Своеобразно — ничего не скажешь.[68]Где она только откопала такую фамилию! Но пока все идет как по маслу — лишь бы она ее не забыла. Вам это может показаться мелочью или плодом моей фантазии, но однажды со мной приключилась похожая неприятность, и мне пришлось так туго, что врагу не пожелаешь.
— Как вы отнесетесь к тому, чтобы нам перейти на «ты», Лаура? — неустрашимо бросился в атаку Салдивар.
— Я не против, — согласилась Чаморро. — Неудобно выкать весь вечер человеку, пригласившему меня на ужин.
Наступила пауза. Должно быть, они переглядывались или Салдивар готовился изречь какую-нибудь закрученную фразу. Но я ошибся.
— Это вино станет тебе в копеечку, — предположила Чаморро.
— Что такое деньги?! — презрительно бросил Леон, подвывая от нахлынувшей на него щедрости.
— Все зависит от количества. У тебя их много?
Последнее замечание Чаморро привело меня в совершеннейший восторг. То, что надо: задорная инфантильность, замешанная на непочтительности пополам с кротостью. Видимо, Салдивара ее реплика тоже не оставила равнодушным.

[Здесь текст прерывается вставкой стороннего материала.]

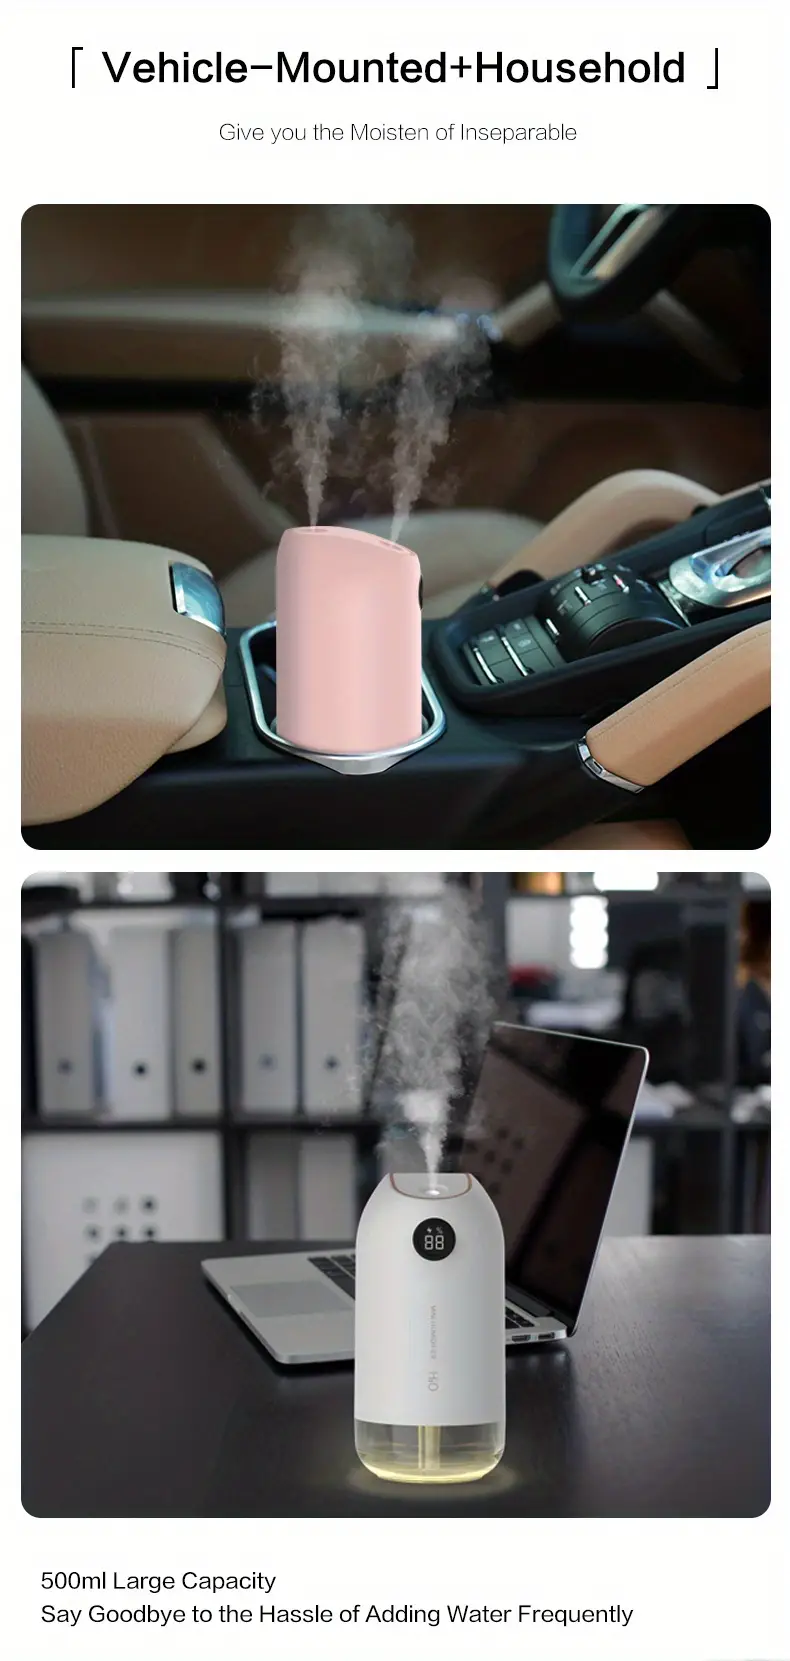 portable mini humidifier 500ml small humidifier type c personal desktop humidifier for baby bedroom travel office car household water shortage protection 2 spray modes super quiet night light white details 3

— Как бы тебе сказать? — Он на мгновенье запнулся, потом игриво проговорил: — Было бы верхом неделикатности ответить утвердительно. Скажем так, у меня достаточно средств, чтобы не огорчаться по поводу их отсутствия.
— Тебе повезло!
— А сейчас серьезно. — Голос Салдивара изменился; теперь он говорил официально, словно диктор, комментирующий трансляцию военного парада. — Мне нравится твое отношение к деньгам — естественное и без манерных ужимок. Большинство людей, заводя о них речь, становятся невыносимыми: они либо считают подобные разговоры дурным тоном, либо делают все от них зависящее, чтобы так оказалось на самом деле. Материальная сторона жизни — штука важная и требует здравых идей, чего многим не хватает.
— И какие же у тебя идеи? — спросила Чаморро словно мимоходом.
Я всегда завидовал женщинам. Попробуйте, спросите что-нибудь похожее у дамы, и если она сразу не выставит вас за дверь, то пропустит вопрос мимо ушей, и делу конец. Но вот мужчина, услышав такое от женщины, изойдет кровавым потом, прежде чем ответить. Я не видел, но, по-моему, Леона не миновала сия участь:
— Для начала, девяносто и девять процентов наших проблем решается с помощью презренного металла, а раз не решаются, то лишь в силу своей сложности или отсутствия решения как такового. Поскольку погоня за наживой не фигурирует в числе добродетелей, надо во что бы то ни стало прекратить ею заниматься. Однако весь парадокс состоит в том, что существует только один способ избежать постоянных мыслей о деньгах — это не думать ни о чем другом, кроме них, и какое-то время посвятить сколачиванию капитала. Пока не заработаешь достаточно средств, нельзя чувствовать себя свободным. Любопытно, не правда ли? А вырваться на свободу можно лишь после того, как пройдешь через этап полного закабаления, за исключением тех случаев, когда ты получаешь богатство по наследству.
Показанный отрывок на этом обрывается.